It is simple to combine cubes with integer-spaxel shifts between them; this can be included as an option in routines like imcombine:
Here we show an example IRAF code to combine 2 data cubes that have been spatially dithered in order to remove missing/dead fibres/spaxels. First we make two bad pixel masks that have the value 1 everywhere except for where the dead spaxels are (value 0) by dividing the cube by itself, and assign these to the cubes' headers. We then combine the two cubes using imcombine, specifying an offset file containing the relevant offsets. (Note that imcombine only accepts integer pixel offsets.) You can include a cosmic-ray removal at this stage of the combining process if you wish.

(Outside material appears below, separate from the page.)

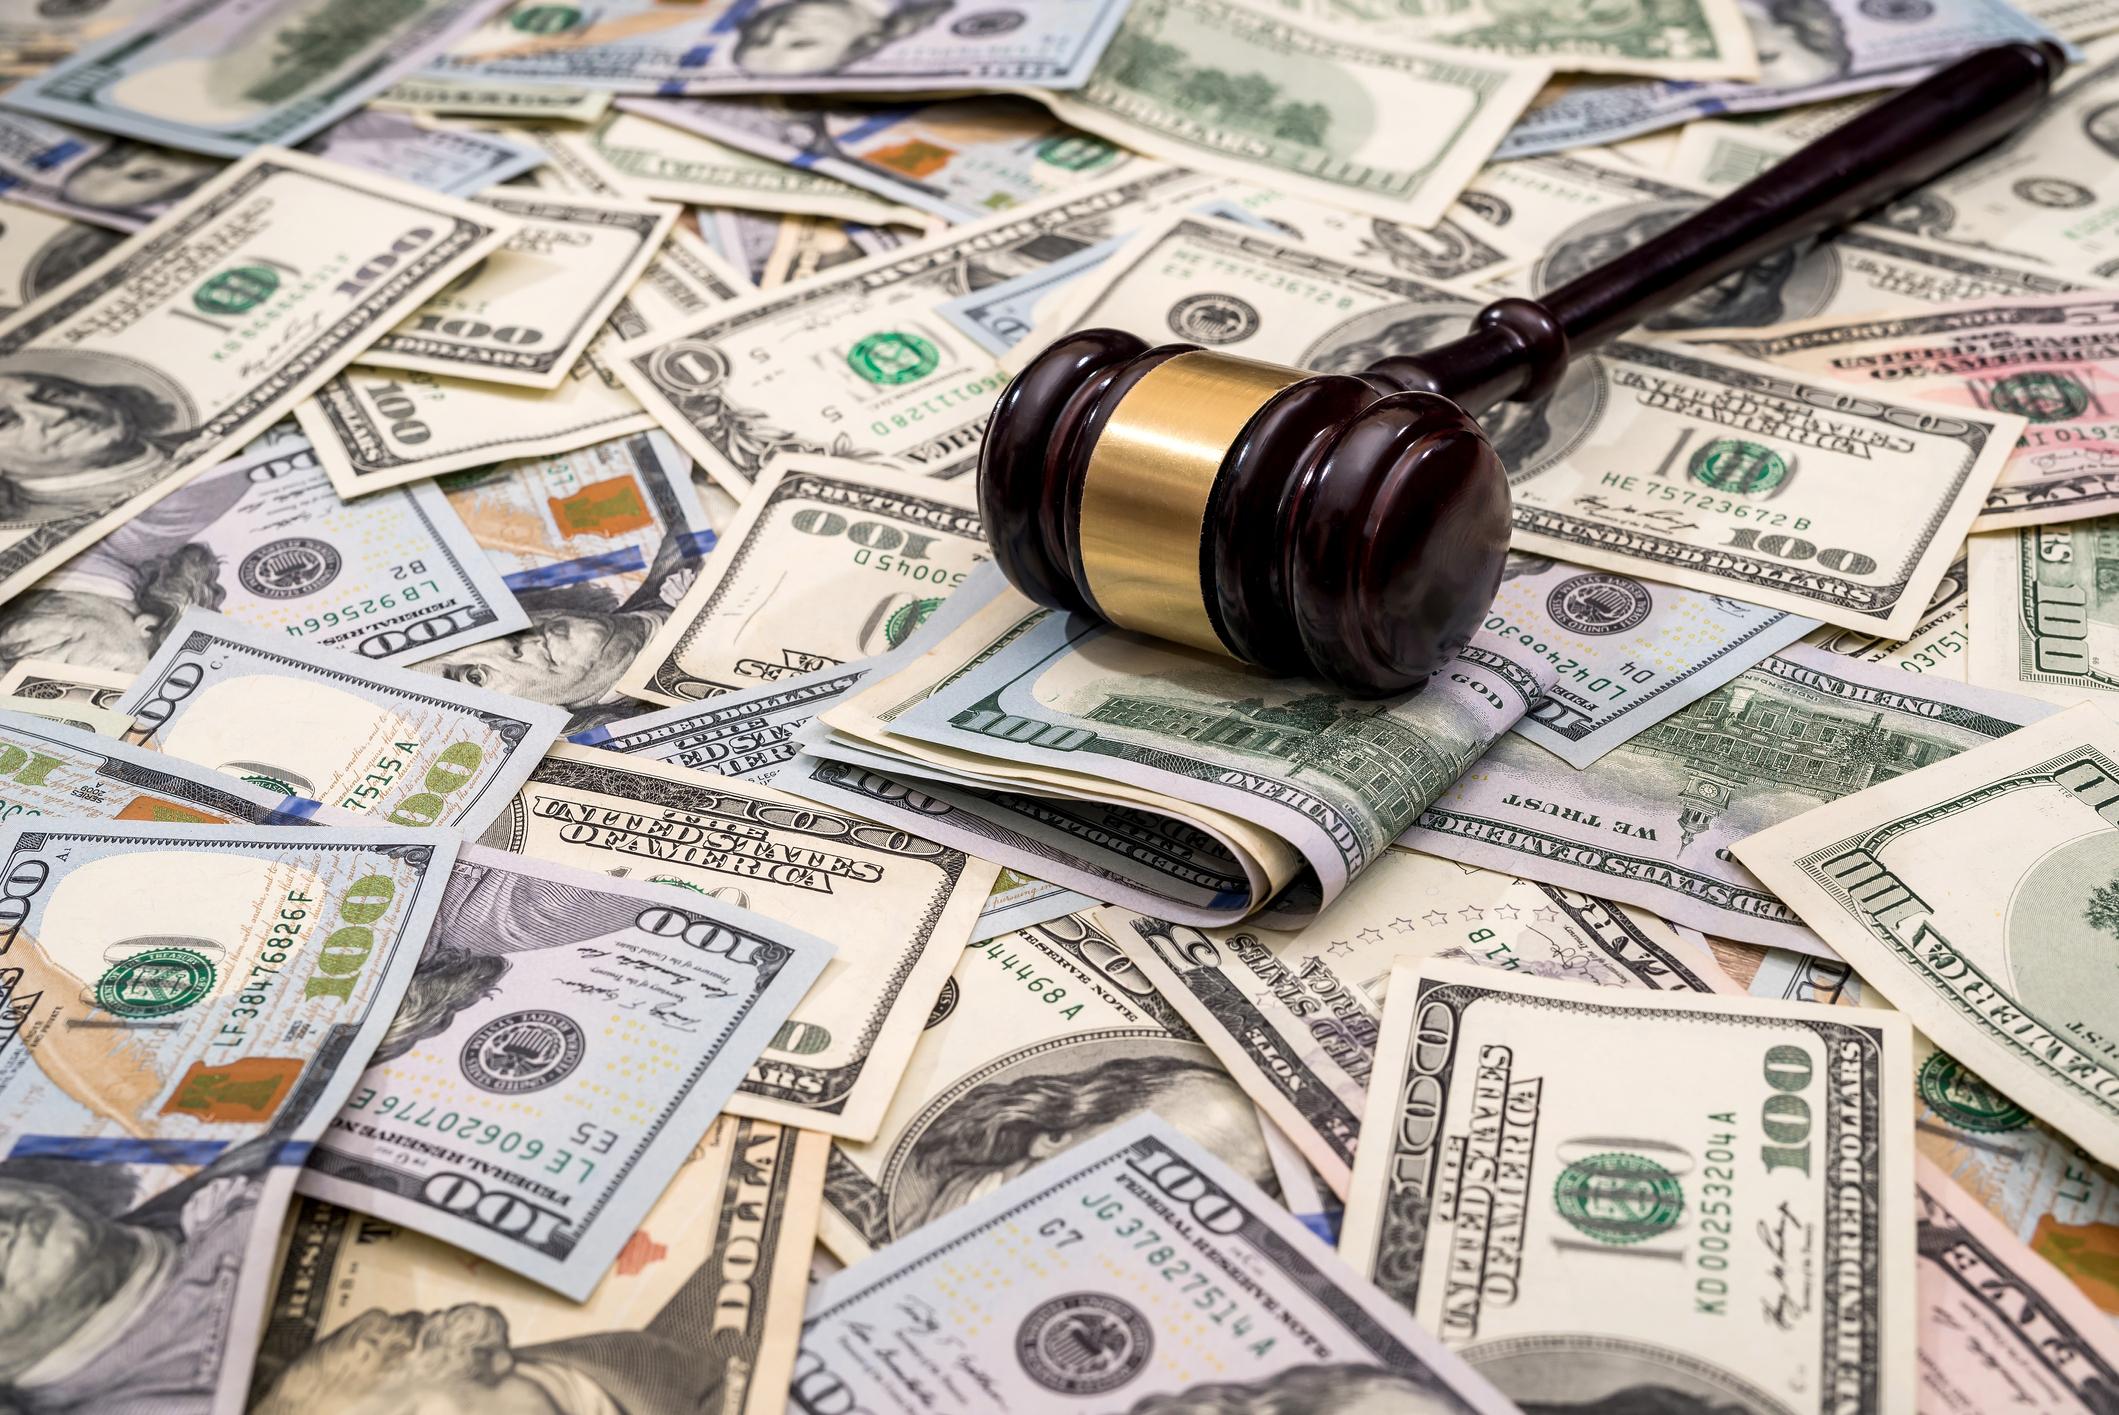 california cash bail reform featured image

imarith cube1.fits / cube1.fits bpm1.pl #in IRAF 0/0=0 (luckily)
imarith cube2.fits / cube2.fits bpm2.pl
hedit images="cube1.fits" fields="BPM" value="bpm1.pl" add+ addonly+ verify- show+ update+
hedit images="cube2.fits" fields="BPM" value="bpm2.pl" add+ addonly+ verify- show+ update+
imcombine ( "cube1.fits,cube2.fits", "combined_cube.fits", combine="average", offsets="shift.dat", / 
  masktype="badvalue", maskvalue=0 )

Combining with fractional spaxel offsets

Simple approach
A simple way to do this is to first resample your individual cubes to a smaller spaxel resolution (i.e. reduce the size of your spaxels), a resolution small enough that the shifts between cubes become (practically) integer (i.e if you shift is 1.5xspaxel_size and you make your new spaxels 0.5xspaxel_size then the shift is 3xnew_spaxels). You can then combine the cubes as explained in the section above. This is a somewhat crude approach, although if you already have a resampling script (see below), this approach has the advantage of being fast and allowing you to see immediately how well you can resample and combine images — it may be therefore worth doing to see whether you really do need a more sophisticated resampling/mosaicking procedure.

More complex approach
Another, more sophisticated approach is to create a new spatial grid that covers the entire FoV that all your cubes have. This spatial grid can have a spatial resolution <, =, or > that of your individual images. The conceptual approach here would be to overlay your individual cubes on to this new spatial grid, work out what fraction of the new spaxels are covered by the old spaxels, and to transfer that fraction of old flux to the new. This would have to be done for each RA-Dec slice of the image at each wavelength point your spectra have.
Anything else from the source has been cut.